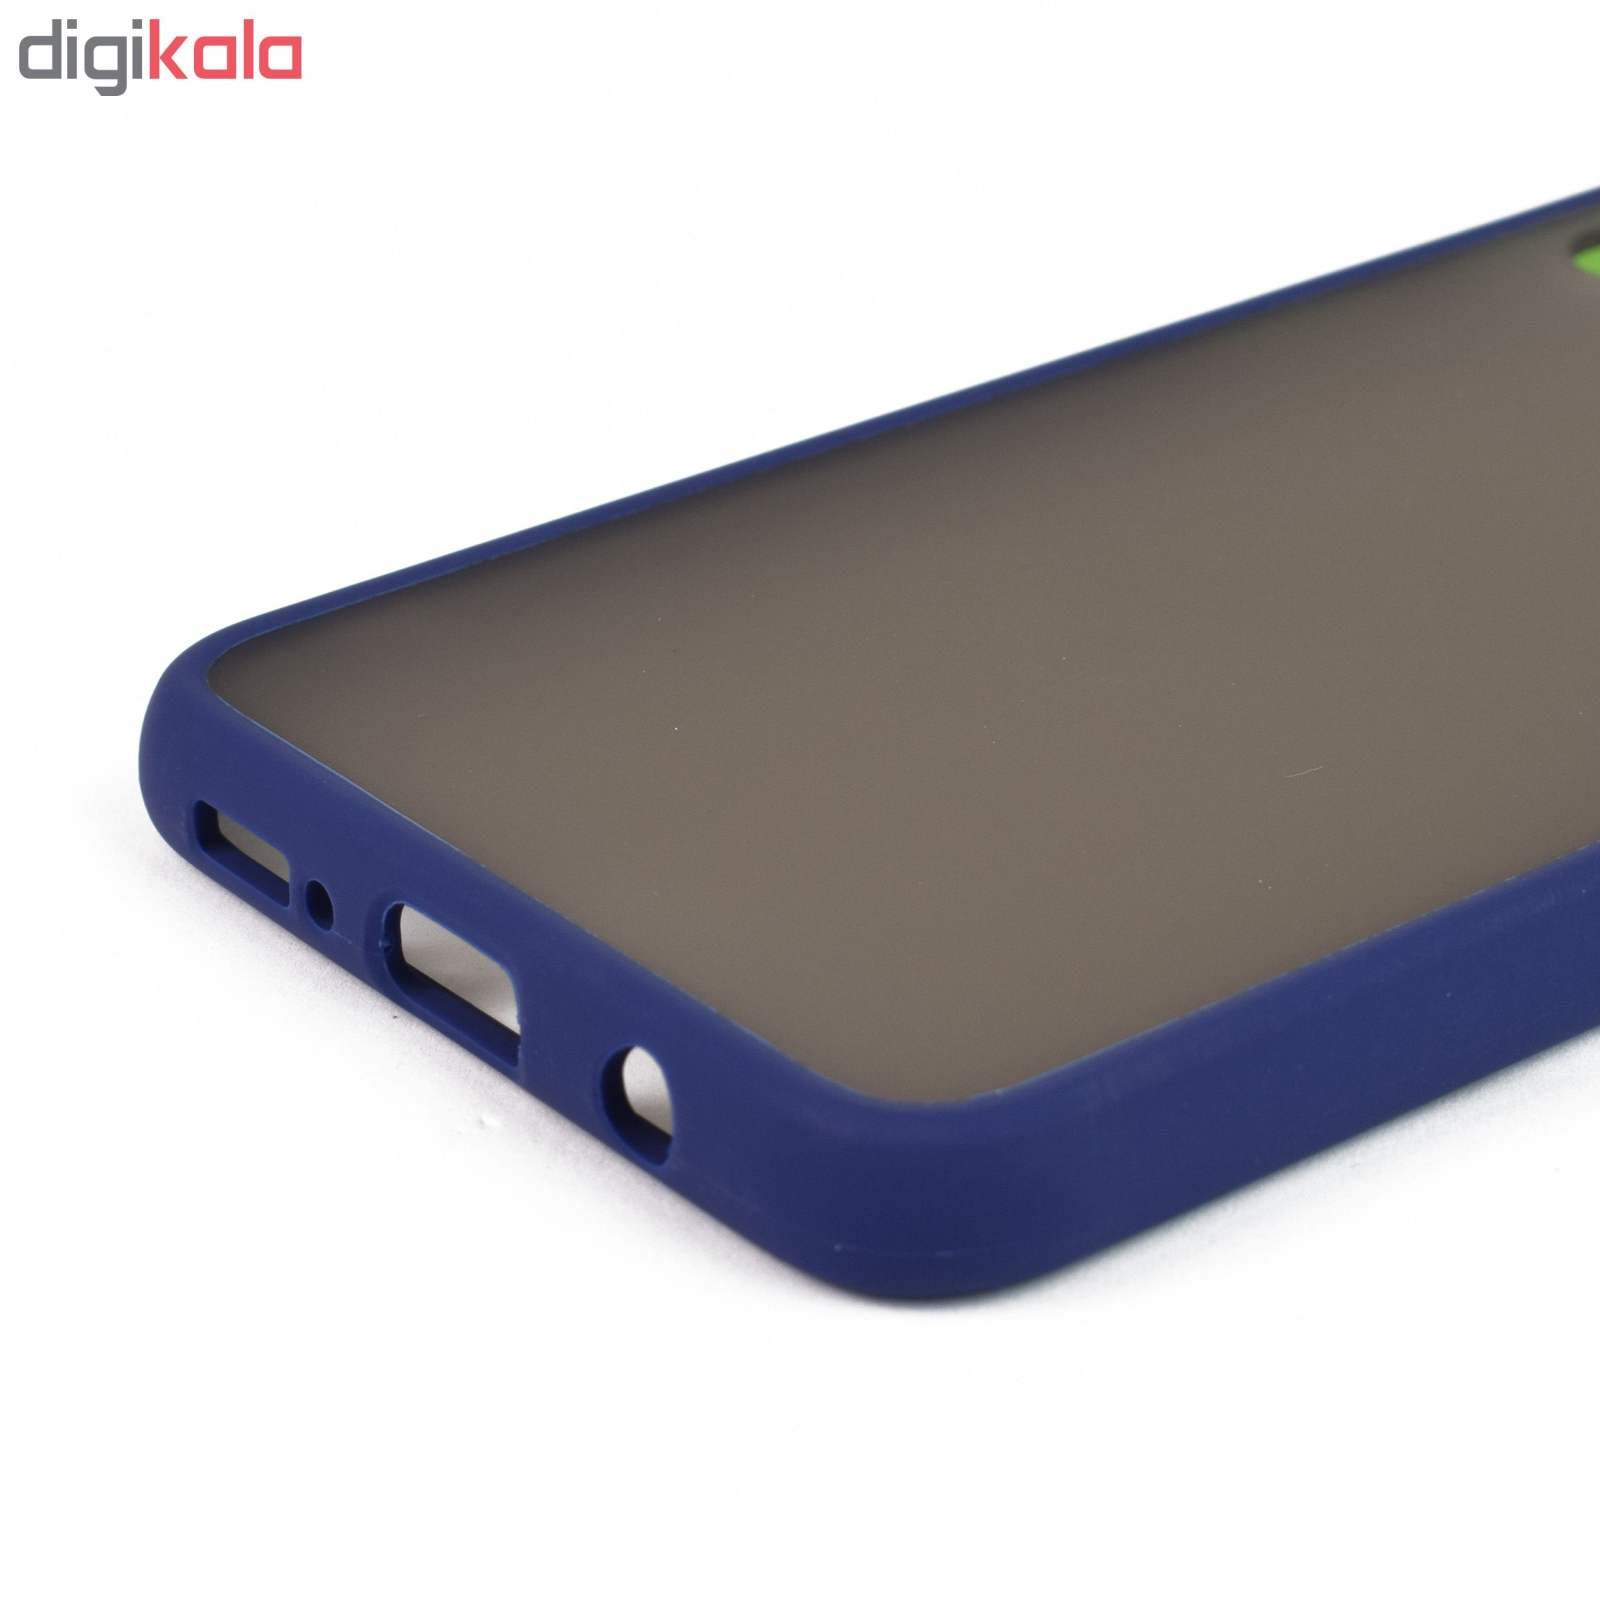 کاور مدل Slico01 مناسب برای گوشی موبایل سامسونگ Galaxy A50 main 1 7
**********
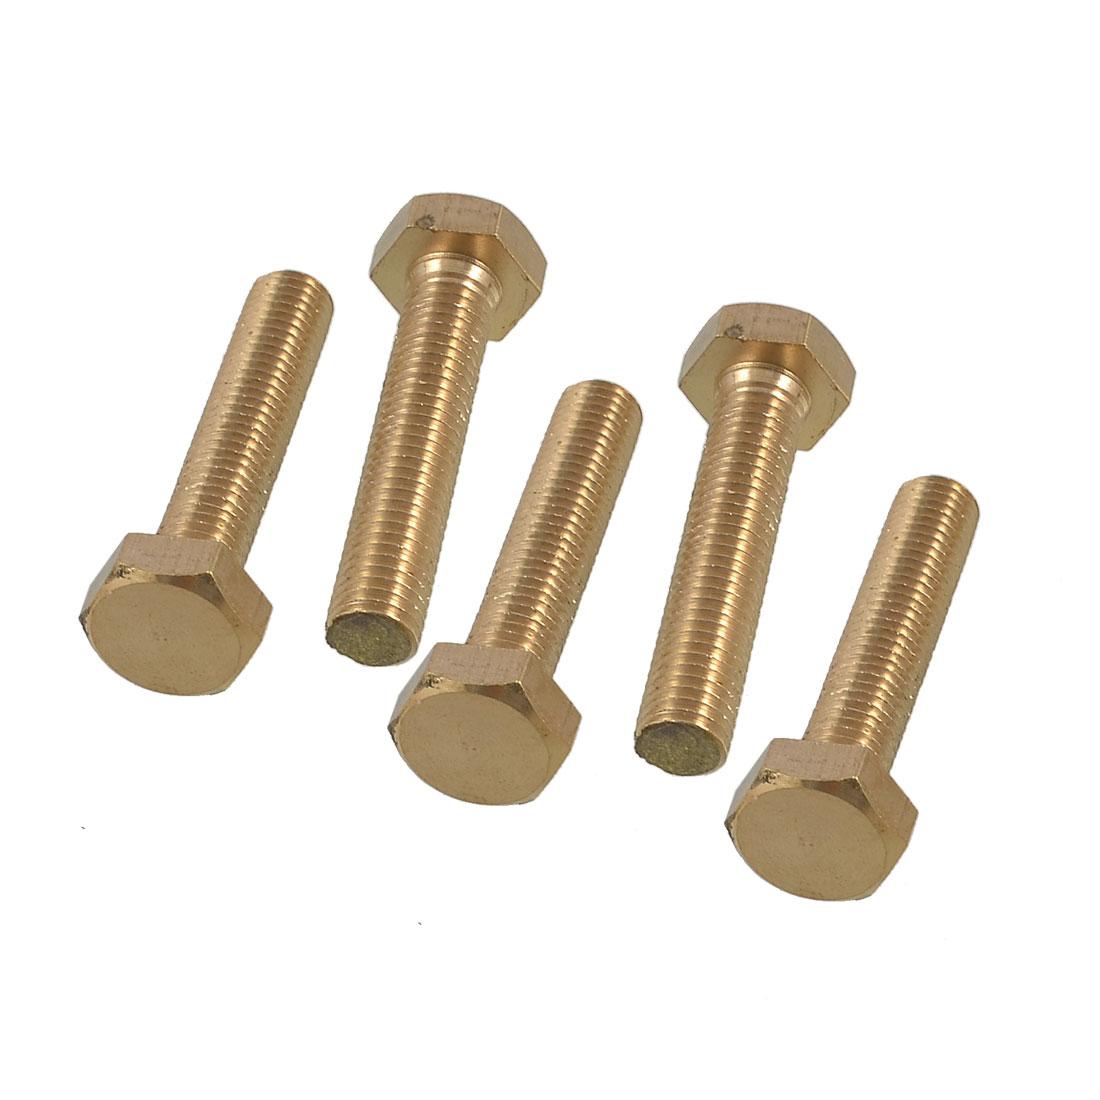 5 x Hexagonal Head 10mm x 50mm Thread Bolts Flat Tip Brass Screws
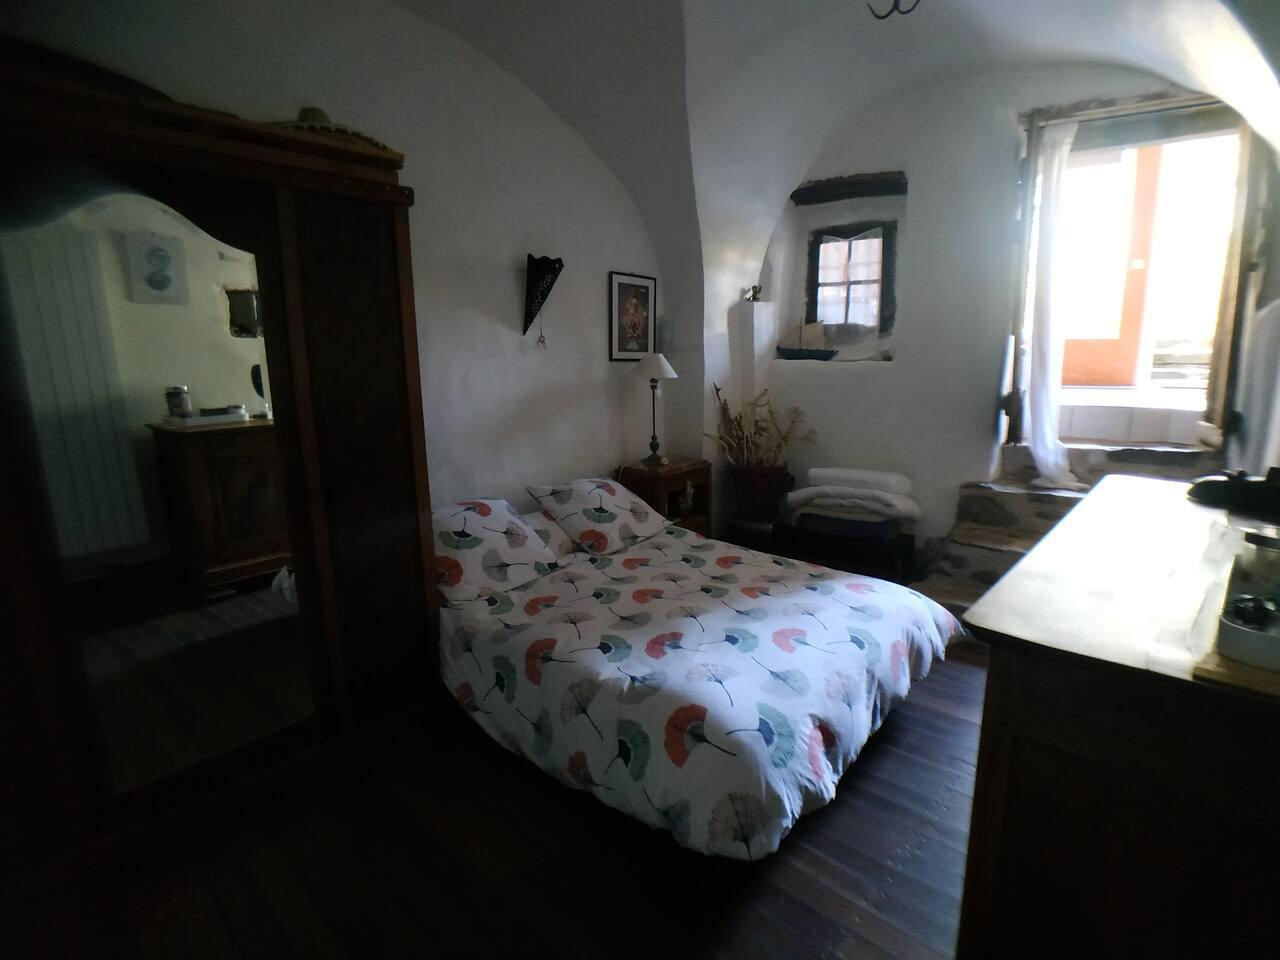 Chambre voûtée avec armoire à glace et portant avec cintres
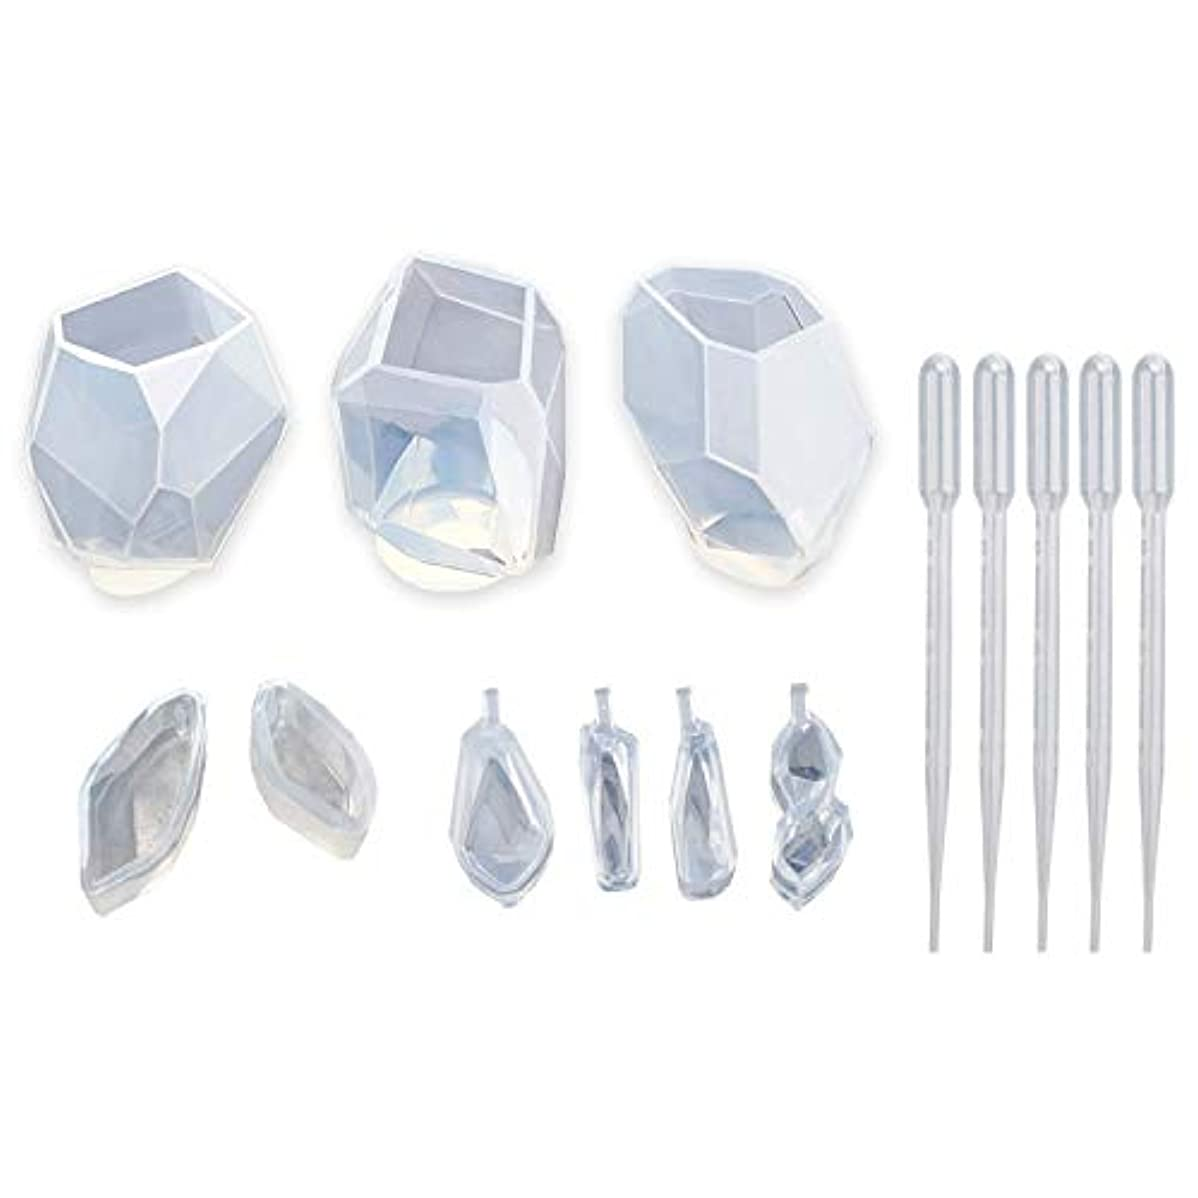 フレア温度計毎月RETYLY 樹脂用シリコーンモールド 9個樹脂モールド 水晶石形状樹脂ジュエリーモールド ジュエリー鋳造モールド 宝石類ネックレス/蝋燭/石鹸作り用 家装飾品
**********
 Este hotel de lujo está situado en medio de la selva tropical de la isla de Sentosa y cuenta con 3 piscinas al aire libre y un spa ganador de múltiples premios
**********
Go down the entries above from the line containing "5 x Hexagonal" to the line containing "フレア温度計毎月RETYLY 樹脂用シリコーンモールド 9個樹脂モールド" and write out each line exactly, leaving pictures out.

 5 x Hexagonal Head 10mm x 50mm Thread Bolts Flat Tip Brass Screws
 Chambre voûtée avec armoire à glace et portant avec cintres
 フレア温度計毎月RETYLY 樹脂用シリコーンモールド 9個樹脂モールド 水晶石形状樹脂ジュエリーモールド ジュエリー鋳造モールド 宝石類ネックレス/蝋燭/石鹸作り用 家装飾品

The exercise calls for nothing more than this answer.